Task instructions: Word-for-word transcription: reproduce all of the data, but not the pictures.

Dataset excerpt:
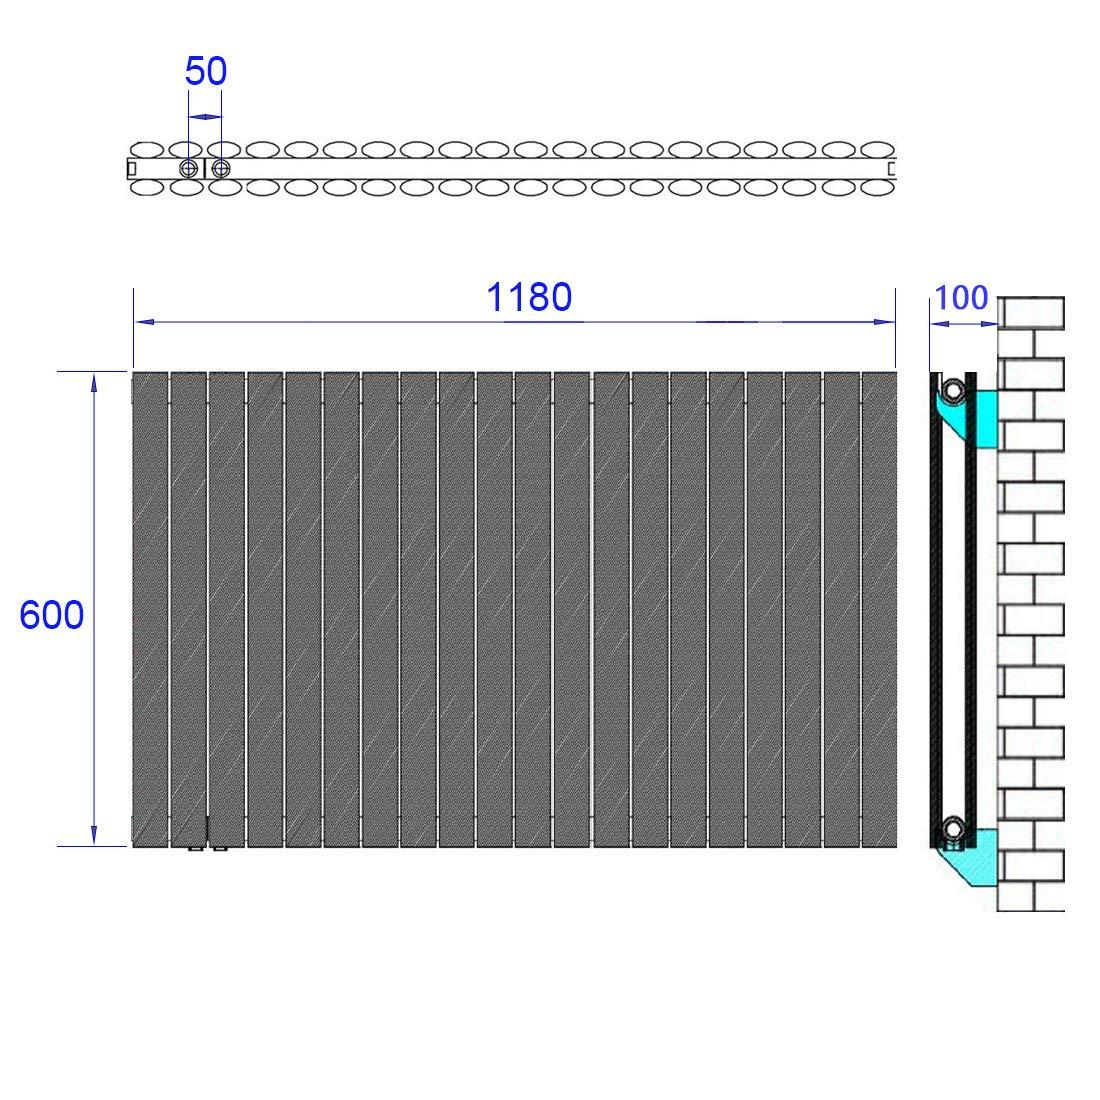 Design Oval Heizk/örper Vertikal Heizk/örper Antrazit 1800 x 480 mm Heizung Mittelanschluss Doppellagig
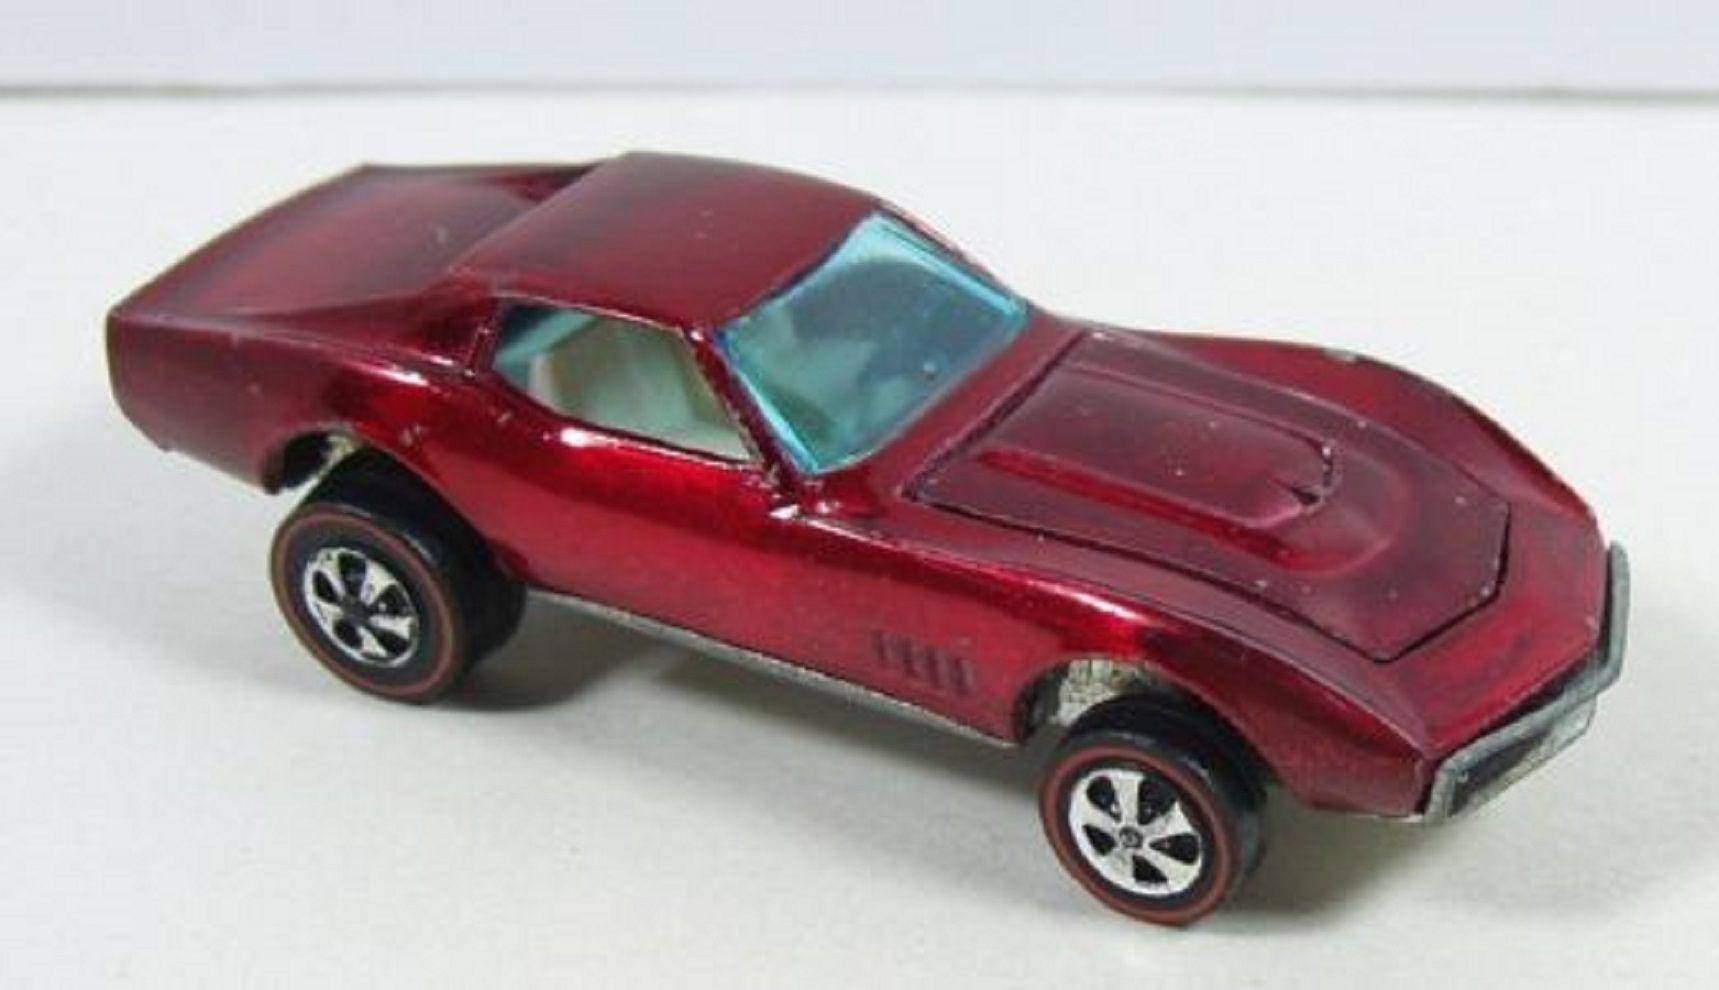 Hot Wheels In 2021 Hot Wheels Miniature Cars Corvette [ 990 x 1719 Pixel ]
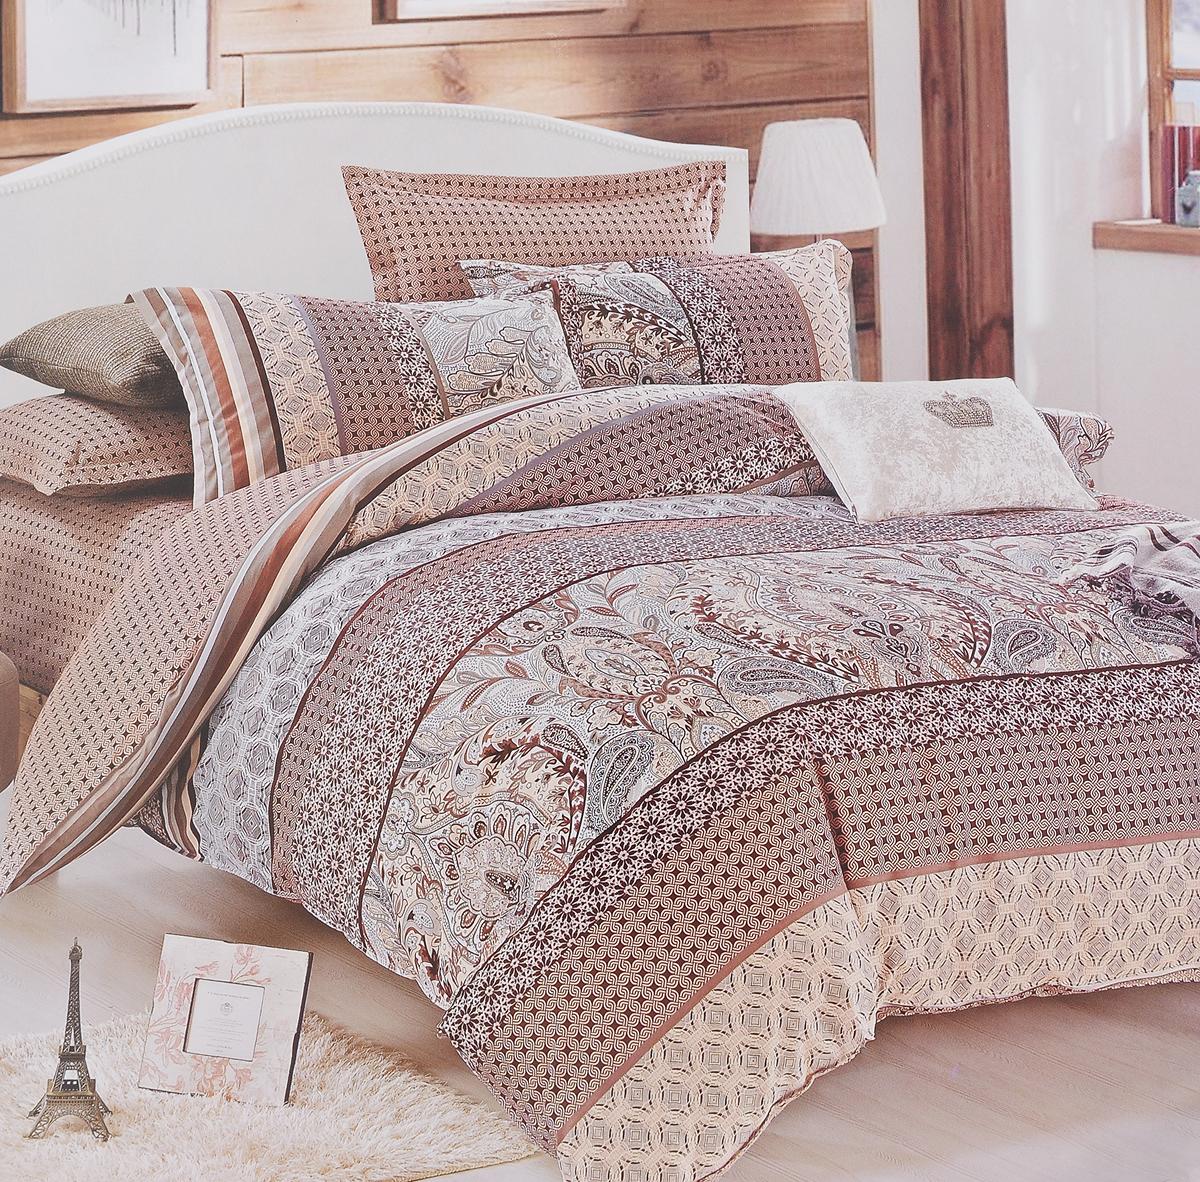 Комплект белья Classic by T Сеймур, 1,5-спальный, наволочки 50х70

Answer:
 Design Oval Heizk/örper Vertikal Heizk/örper Antrazit 1800 x 480 mm Heizung Mittelanschluss Doppellagig
 Hot Wheels In 2021 Hot Wheels Miniature Cars Corvette [ 990 x 1719 Pixel ]
 Комплект белья Classic by T Сеймур, 1,5-спальный, наволочки 50х70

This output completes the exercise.